### Supplied data

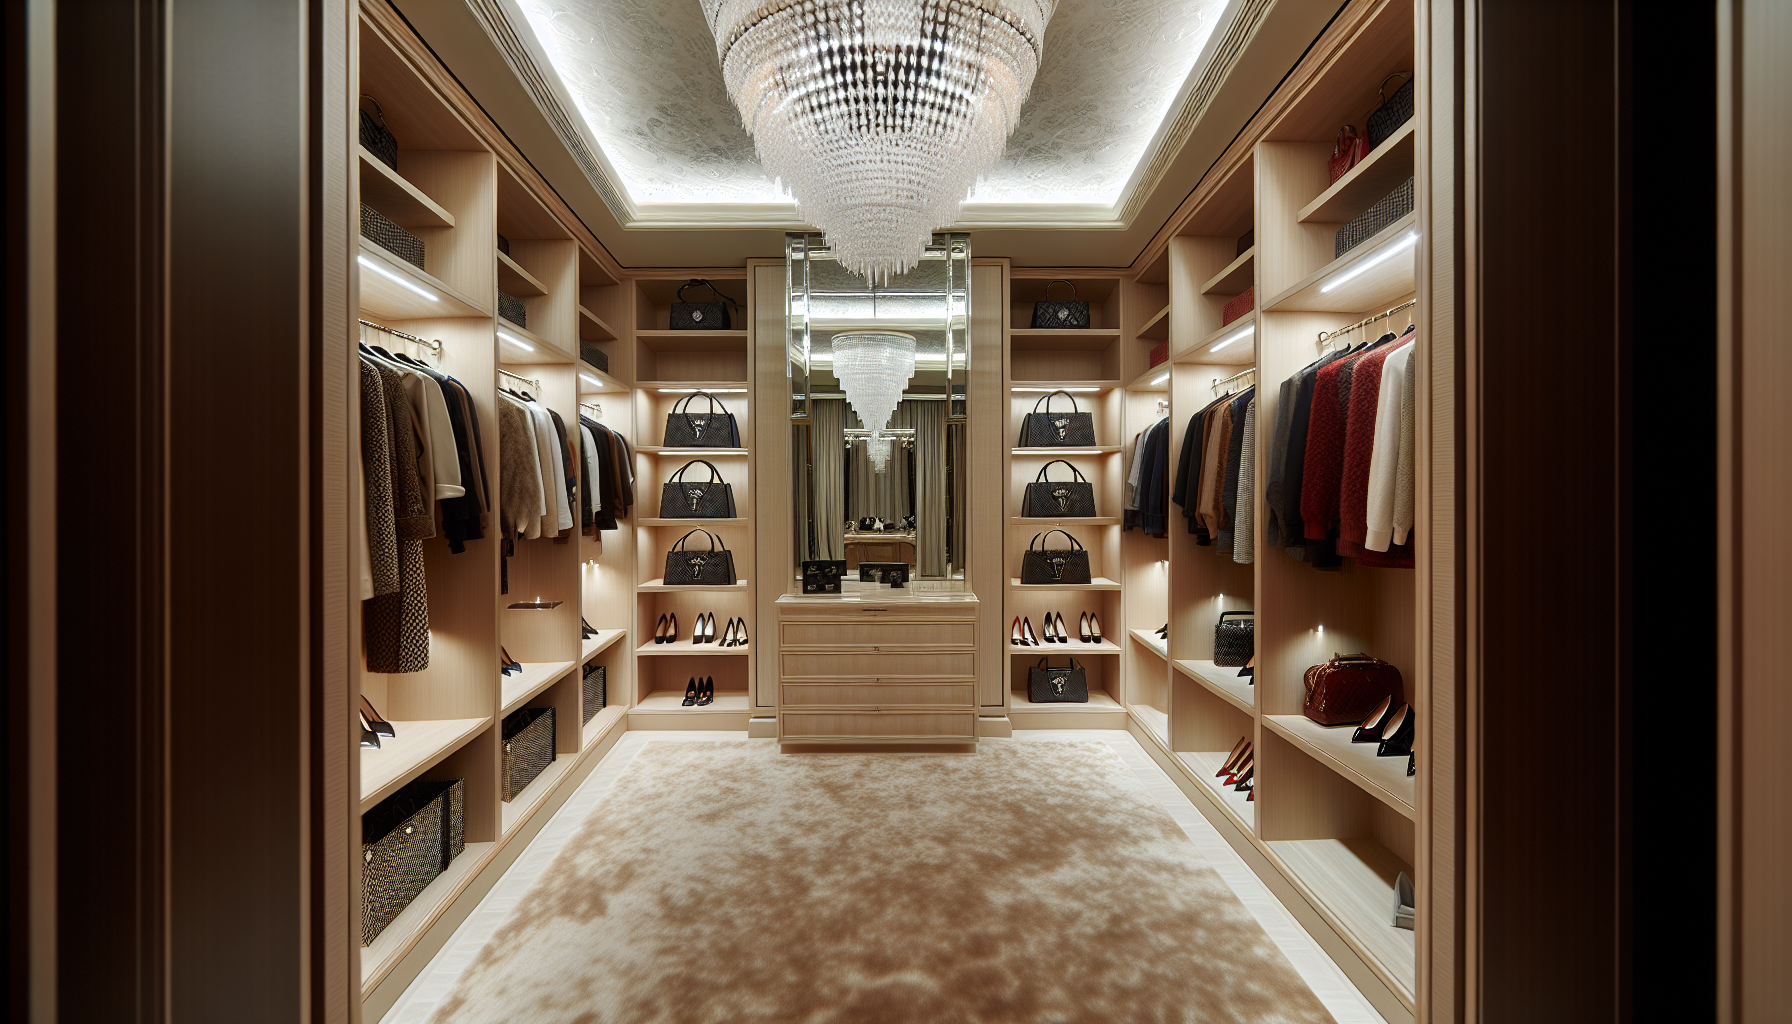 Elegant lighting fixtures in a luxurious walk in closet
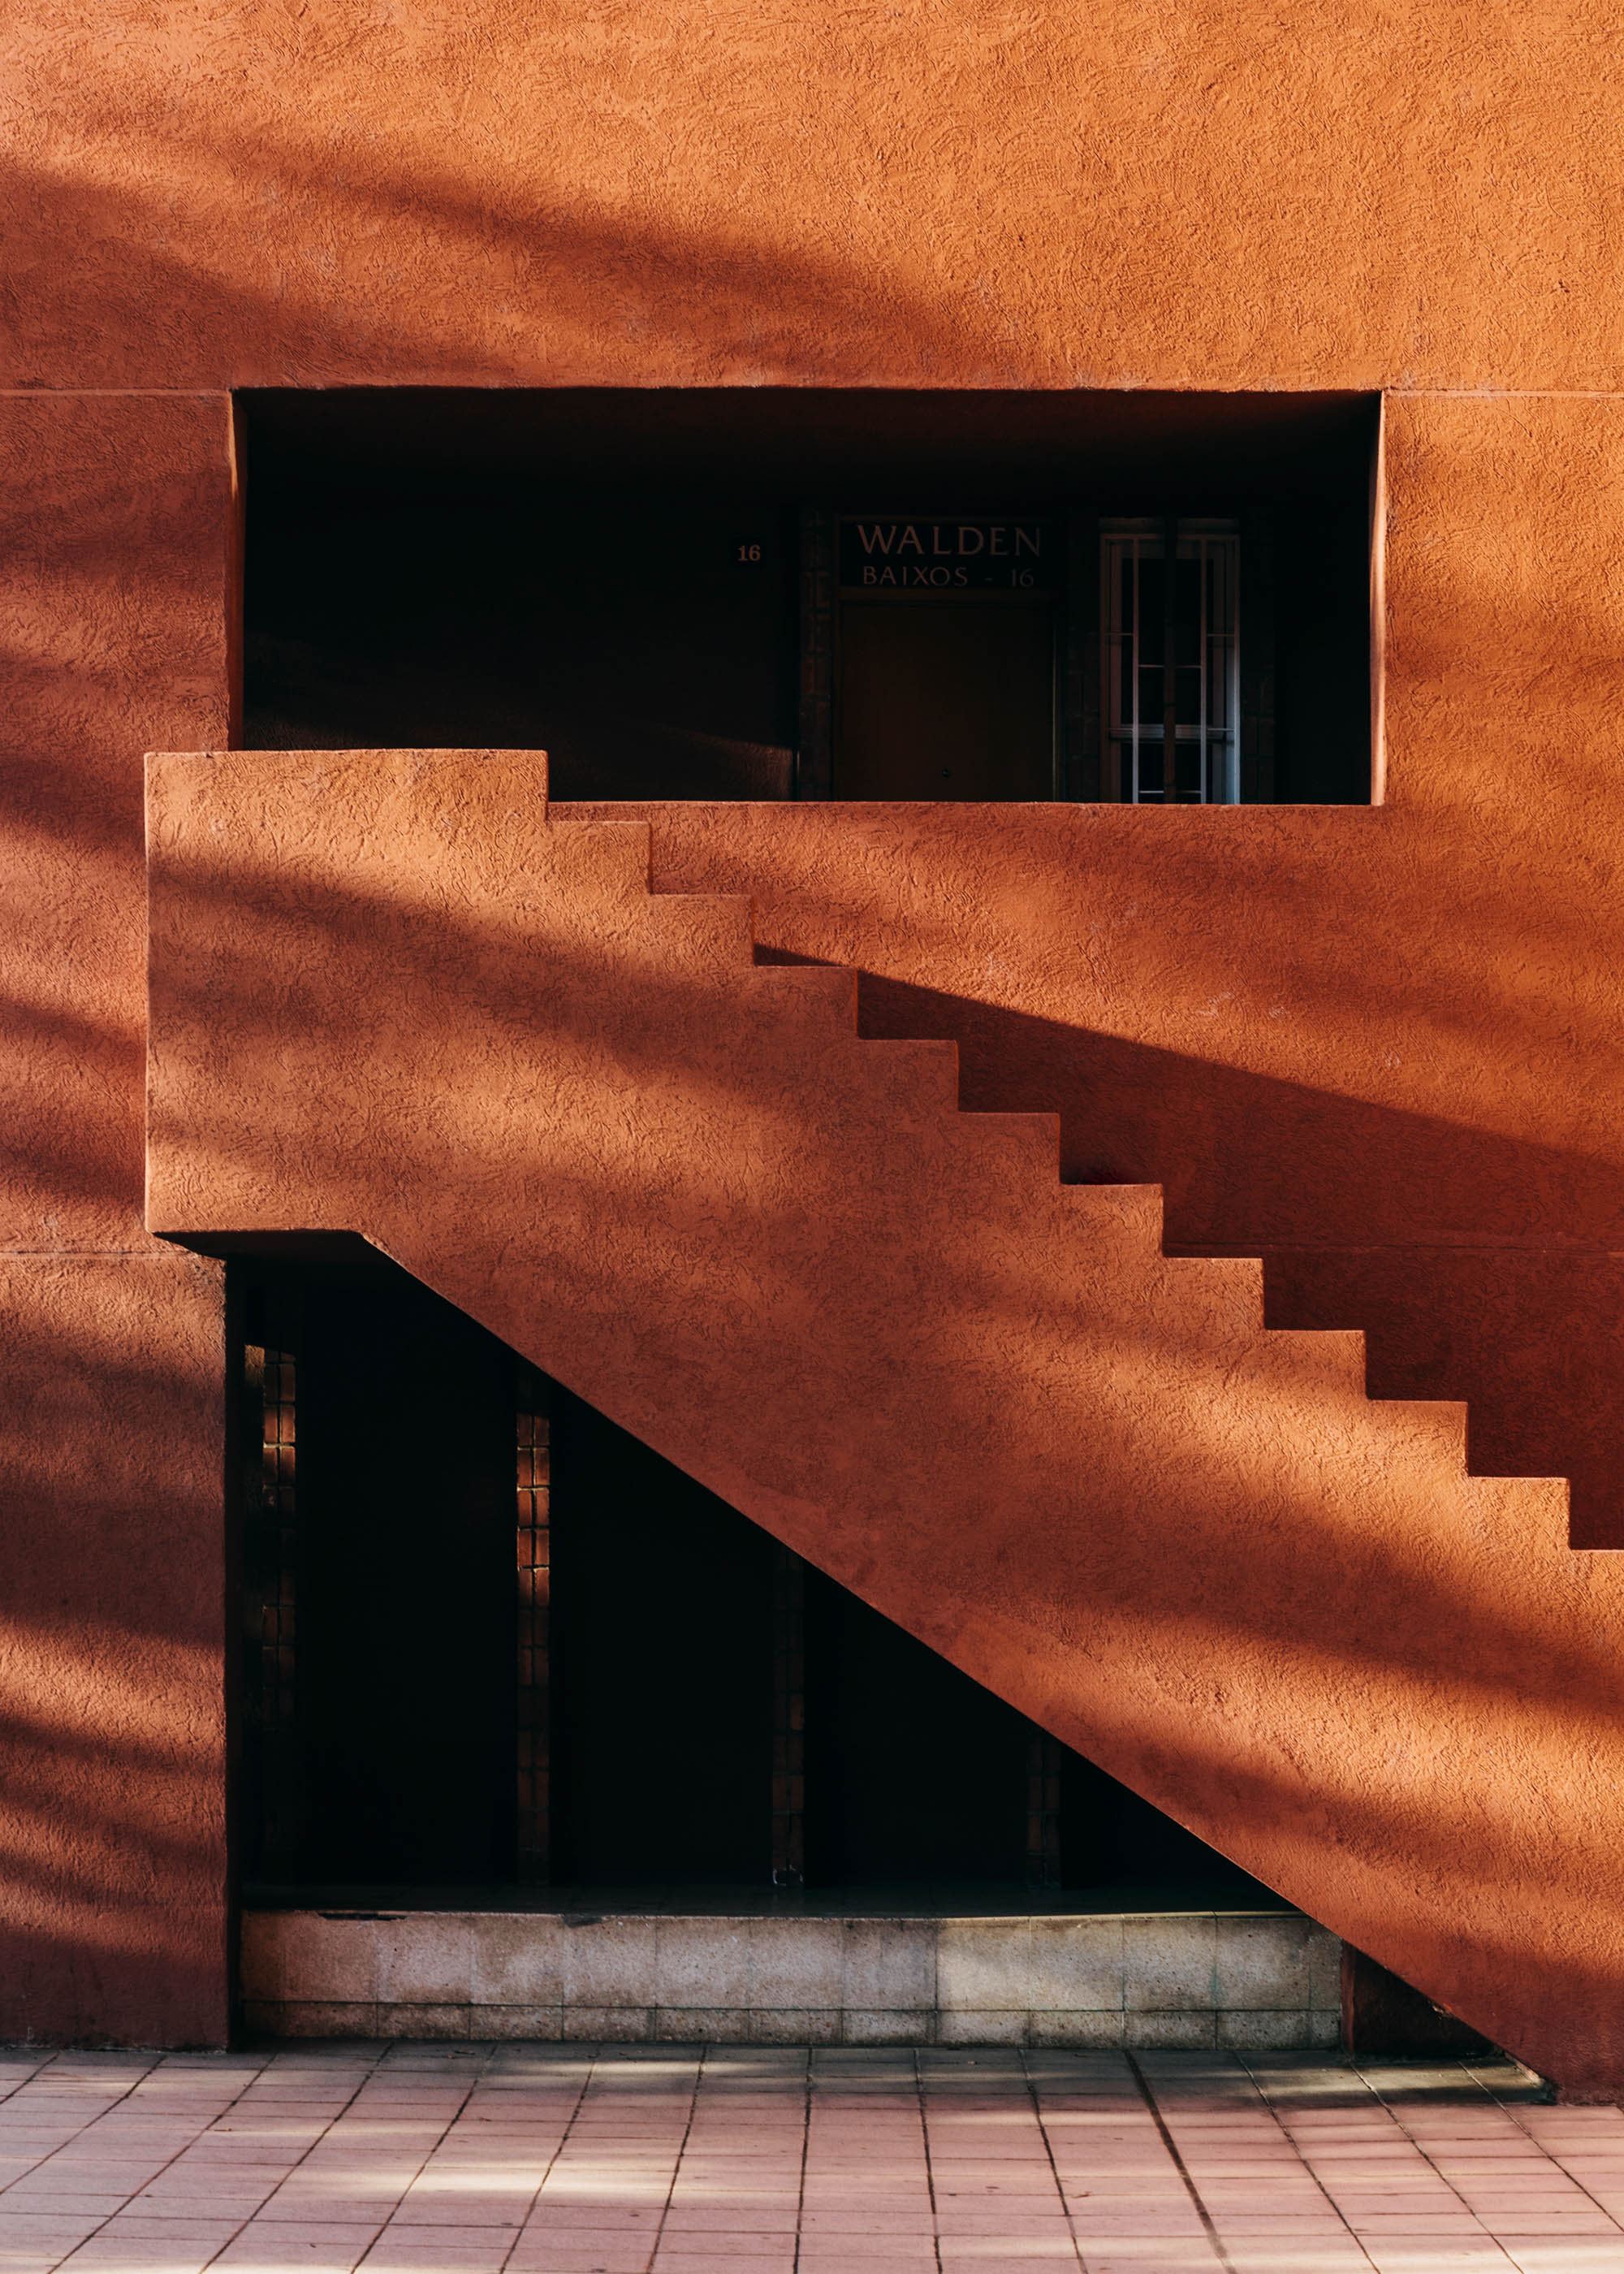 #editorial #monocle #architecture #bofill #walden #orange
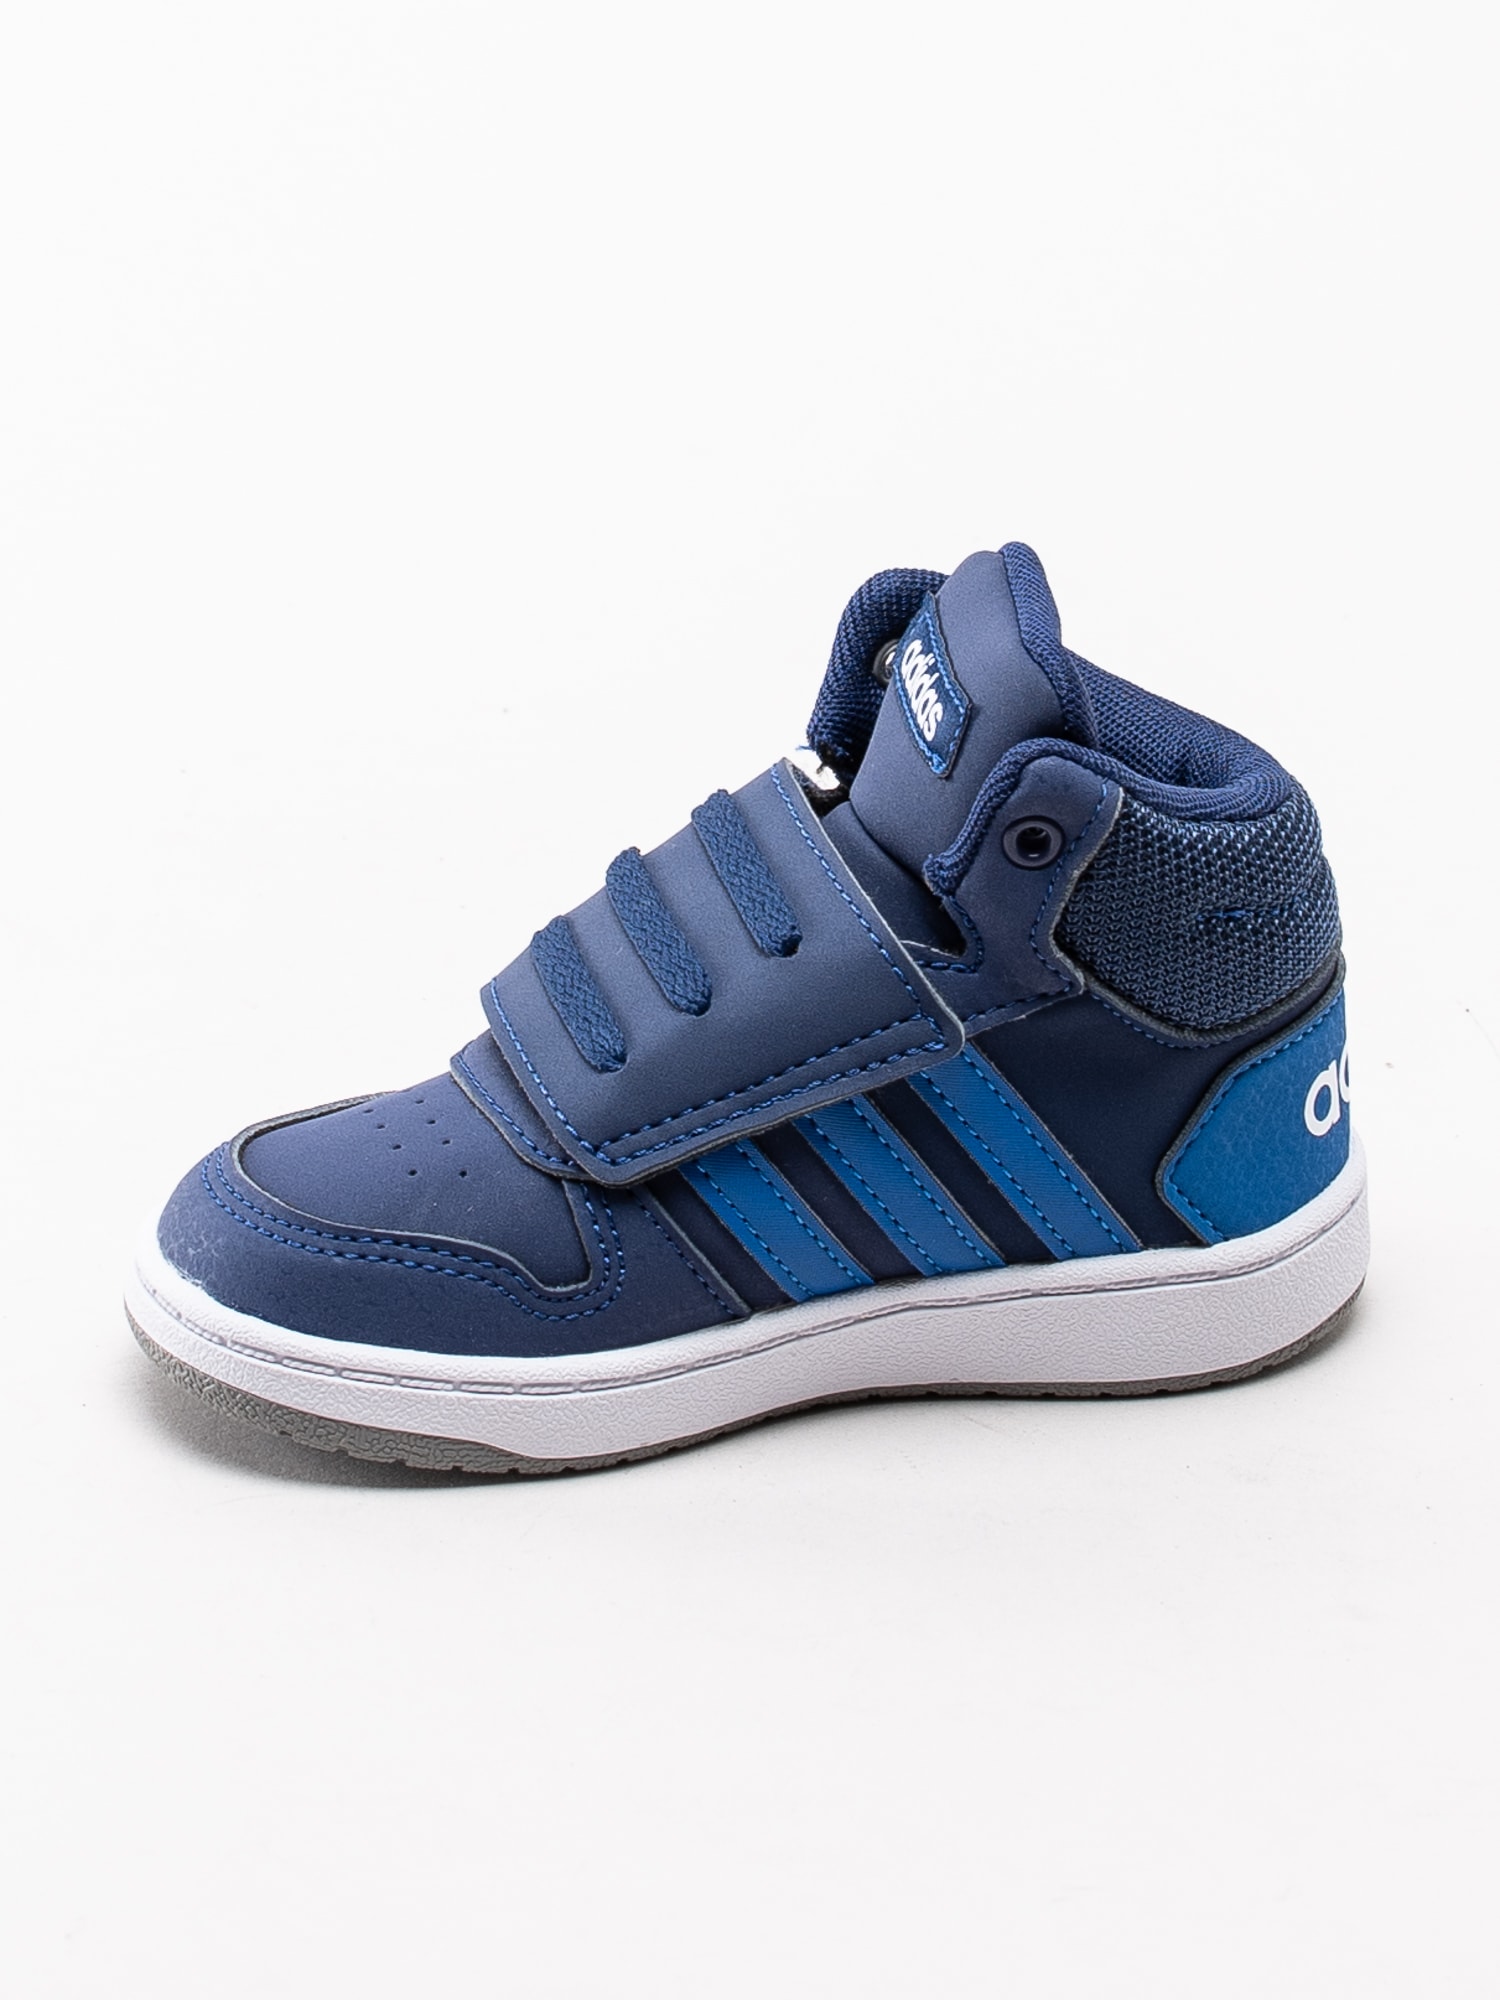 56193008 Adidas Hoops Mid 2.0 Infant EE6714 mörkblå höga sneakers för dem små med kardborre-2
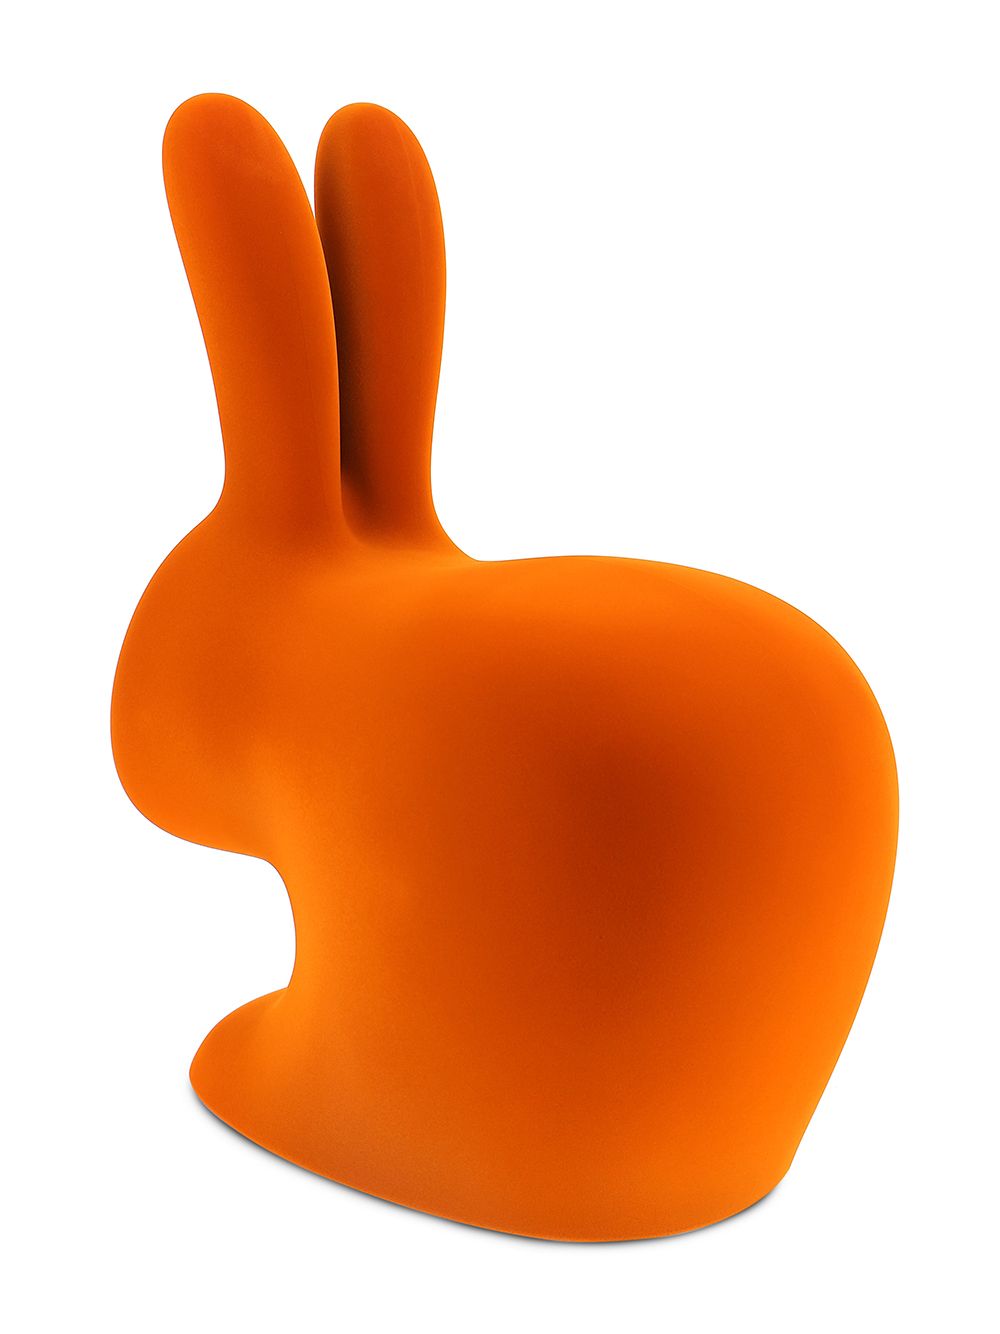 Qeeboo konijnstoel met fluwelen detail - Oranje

######

### What to work on
Restate all of the data word for word and include no pictures.

### Solved exercise
 Elegant lighting fixtures in a luxurious walk in closet
 #editorial #monocle #architecture #bofill #walden #orange
 56193008 Adidas Hoops Mid 2.0 Infant EE6714 mörkblå höga sneakers för dem små med kardborre-2
 Qeeboo konijnstoel met fluwelen detail - Oranje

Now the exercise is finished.